_SUPPLIED RECORDS_:
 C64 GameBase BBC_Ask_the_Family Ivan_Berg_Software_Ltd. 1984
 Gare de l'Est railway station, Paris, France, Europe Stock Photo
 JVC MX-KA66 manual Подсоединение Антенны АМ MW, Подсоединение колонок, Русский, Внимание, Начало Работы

==

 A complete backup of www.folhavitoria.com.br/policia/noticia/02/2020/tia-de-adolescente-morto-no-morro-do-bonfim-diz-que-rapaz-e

_EXERCISE_: Each line in the listing above from the one containing "Gare de l'Est" through the one containing "JVC MX-KA66 manual" should be repeated exactly, and no other line.

_THE ANSWER_:
 Gare de l'Est railway station, Paris, France, Europe Stock Photo
 JVC MX-KA66 manual Подсоединение Антенны АМ MW, Подсоединение колонок, Русский, Внимание, Начало Работы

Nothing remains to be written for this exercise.